Pre-computes and caches the angular symbols needed for radial matrix-element evaluation. Three quantities are stored for each triple \((k, \kappa_a, \kappa_b)\):

• The reduced matrix element of the normalised spherical harmonic:

  \[ C^k_{ab} \equiv \redmatel{\kappa_a}{C^k}{\kappa_b} = (-1)^{j_a+\frac{1}{2}}\sqrt{[j_a][j_b]} \threej{j_a}{j_b}{k}{-\tfrac{1}{2}}{\tfrac{1}{2}}{0} \,\pi(l_a+l_b+k), \]

  where \([x]\equiv 2x+1\) and \(\pi\) encodes the parity selection rule. \(C^k_{ab}\) is antisymmetric under interchange up to a phase.
• The symmetrised (tilde) variant:

  \[ \widetilde C^k_{ab} = (-1)^{j_a+\frac{1}{2}} C^k_{ab}, \]

  which is fully symmetric: \(\widetilde C^k_{ab} = \widetilde C^k_{ba}\).
• The underlying special 3j symbol:

  \[ \threej{j_a}{j_b}{k}{-\tfrac{1}{2}}{\tfrac{1}{2}}{0}. \]

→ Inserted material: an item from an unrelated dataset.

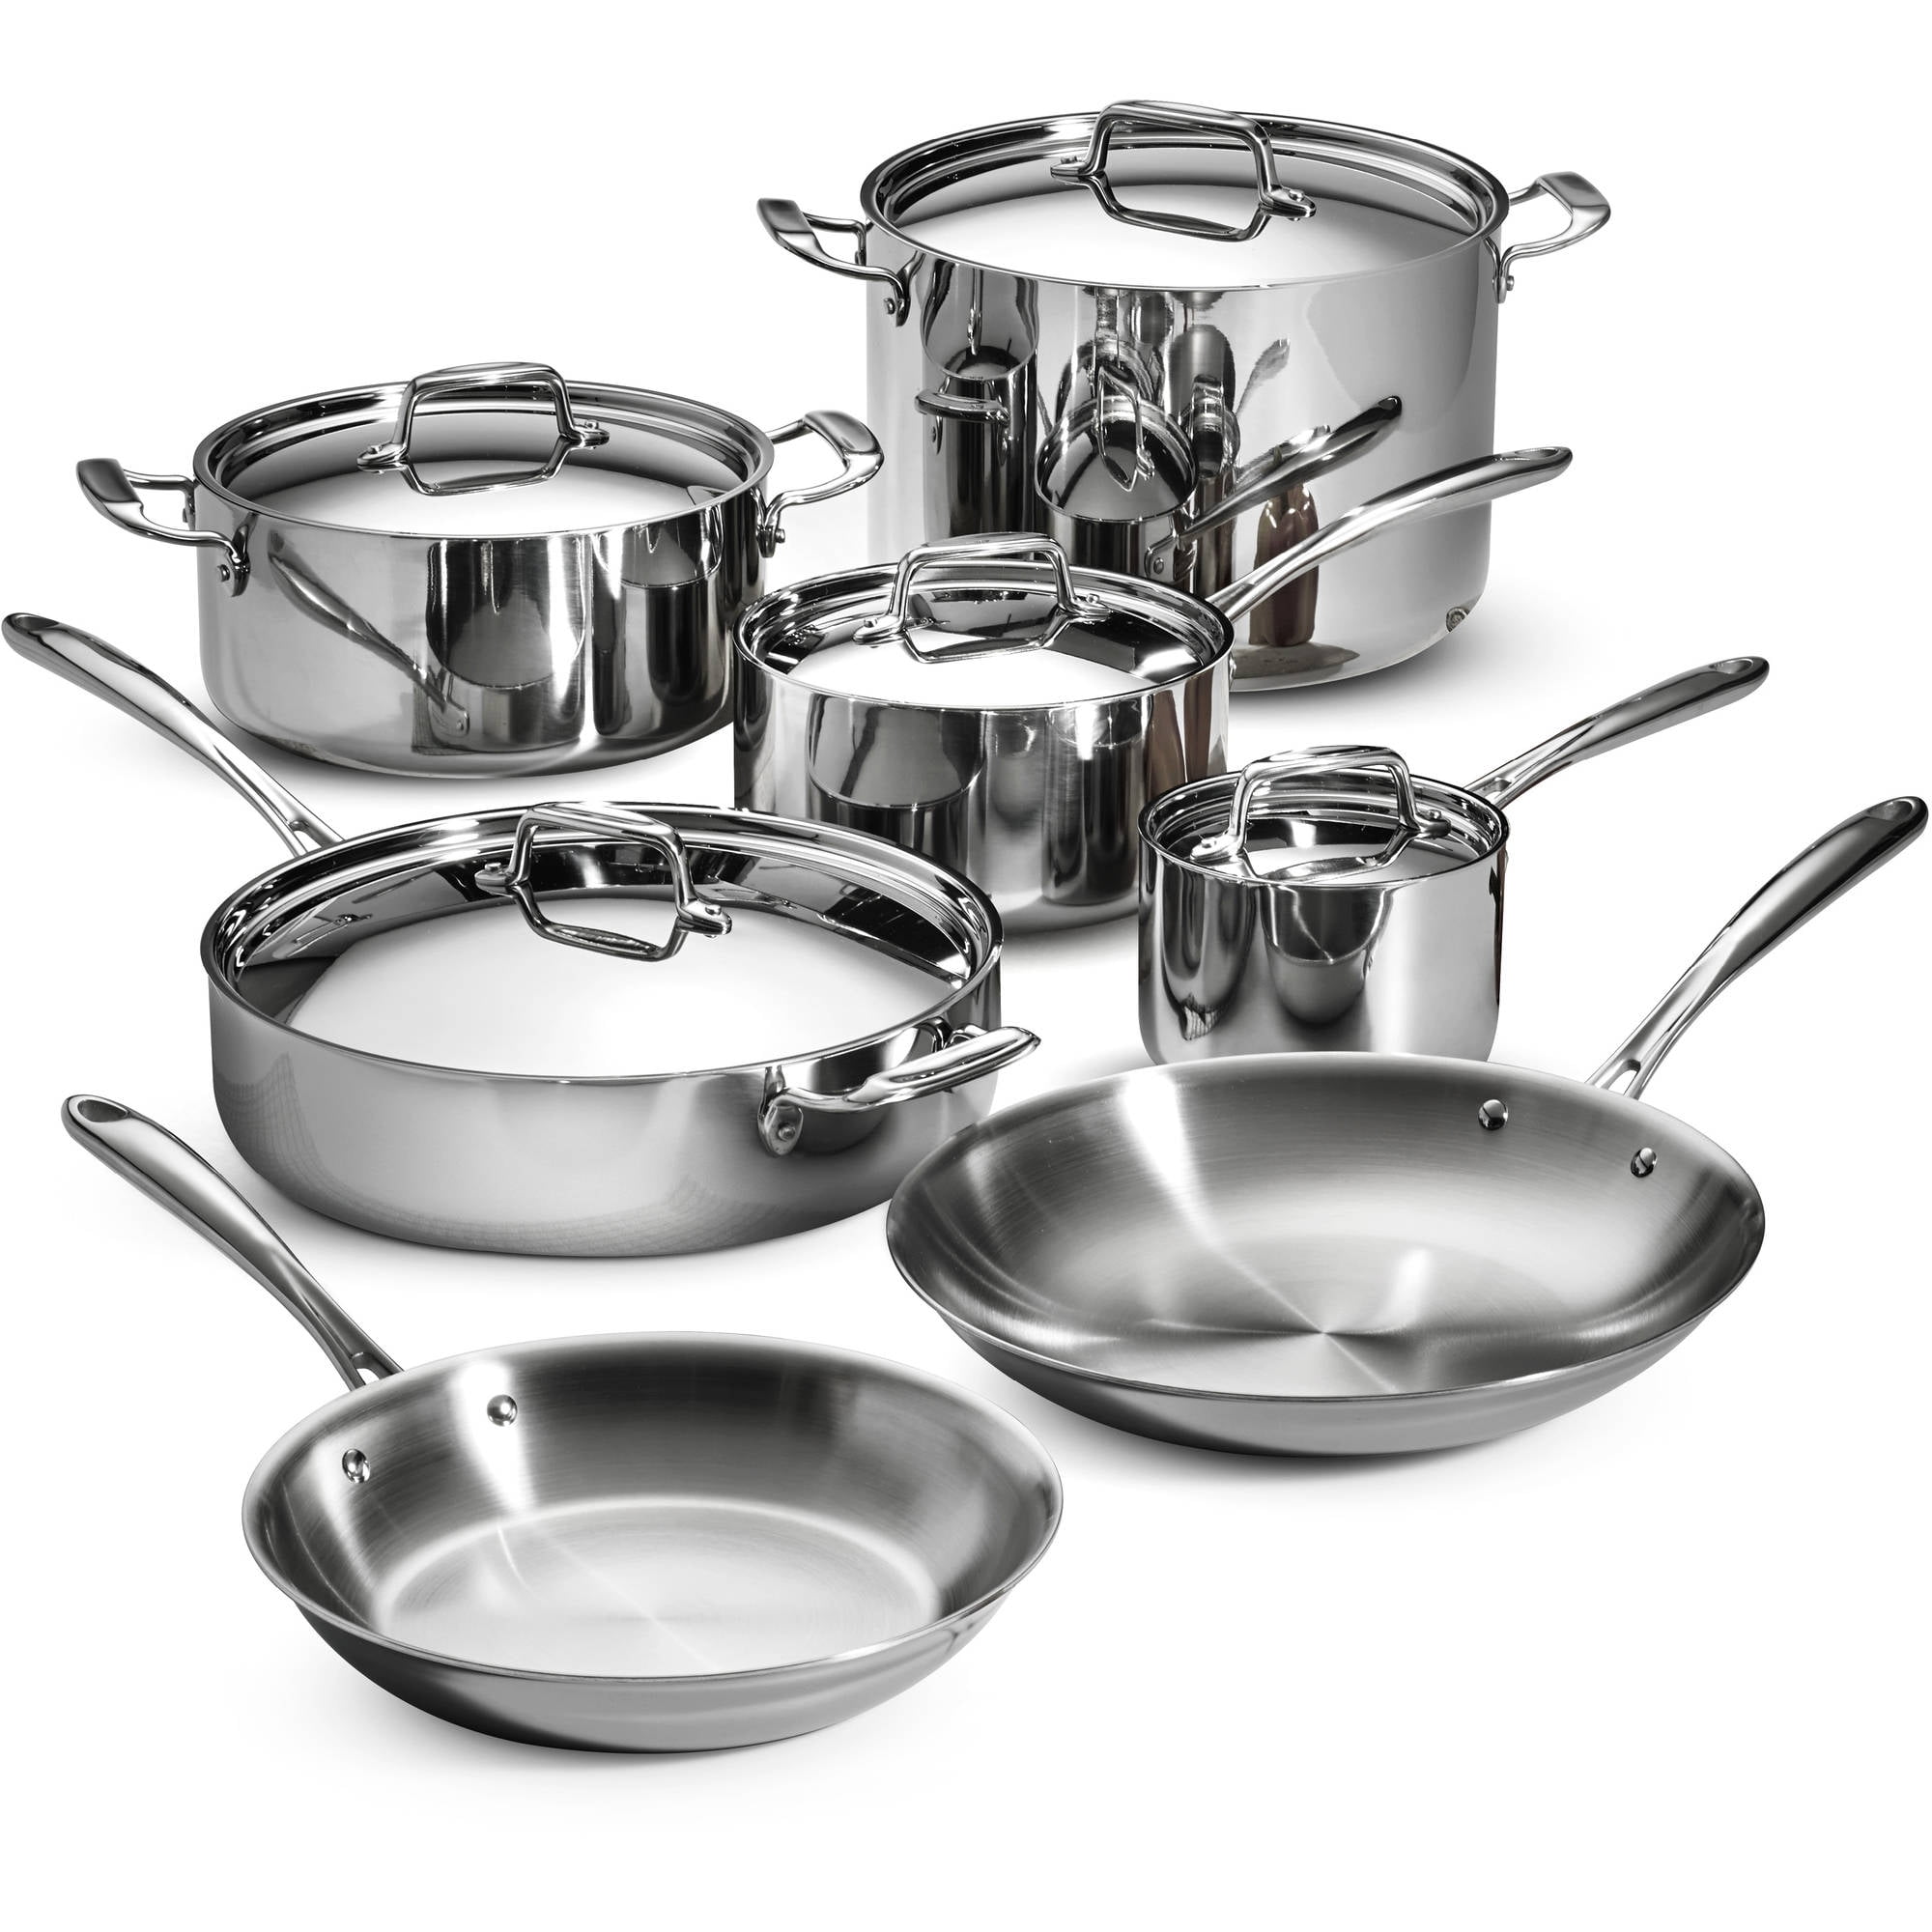 Tri Ply Clad Stainless Steel Cookware

All table lookups take \(k\) and the Dirac quantum numbers \(\kappa_a, \kappa_b\) as input.

Note

• Table is filled up to a maximum \(2j\) at construction; call fill() to extend it afterwards.
• All symbols with \(2j \le \) max_tj() and \(k \le \) max_k() are guaranteed to be present; there are no gaps.
• Non-mutable accessors are thread-safe. The _mutable variants extend the table on demand but are not thread-safe.

Warning

Calling a non-mutable accessor with out-of-range indices is undefined behaviour; check against max_tj() and max_k() first.

#include <CkTable.hpp>

Public Member Functions
	CkTable (const int in_max_twoj=0)
	Constructs the table, pre-filling all symbols up to in_max_twoj.
void	fill (const int in_max_twoj)
	Extends the lookup table to cover all symbols up to in_max_twoj.
double	get_Ckab_mutable (int k, int ka, int kb)
	Returns Ck_ab; extends table if needed. Not thread-safe.
double	get_tildeCkab_mutable (int k, int ka, int kb)
	Returns tilde-Ck_ab; extends table if needed. Not thread-safe.
double	get_3jkab_mutable (int k, int ka, int kb)
	Returns 3j(j_a,j_b,k; -1/2,1/2,0); extends table if needed. Not thread-safe.
double	get_Ckab (int k, int ka, int kb) const
	Returns Ck_ab. Undefined behaviour if indices exceed max_tj() or max_k().
double	get_tildeCkab (int k, int ka, int kb) const
	Returns tilde-Ck_ab. Undefined behaviour if indices exceed max_tj() or max_k().
double	get_3jkab (int k, int ka, int kb) const
	Returns 3j(j_a,j_b,k; -1/2,1/2,0). Undefined behaviour if indices exceed max_tj() or max_k().
double	operator() (int k, int ka, int kb) const
	Equivalent to get_Ckab(k, ka, kb).
double	get_Lambdakab (int k, int ka, int kb) const
	Returns Lambda^k_ab := 3j(j_a,j_b,k; -1/2,1/2,0)^2 * parity(l_a+l_b+k).
int	max_tj () const
	Maximum value of 2j currently stored in the table.
int	max_k () const
	Maximum value of k currently stored in the table.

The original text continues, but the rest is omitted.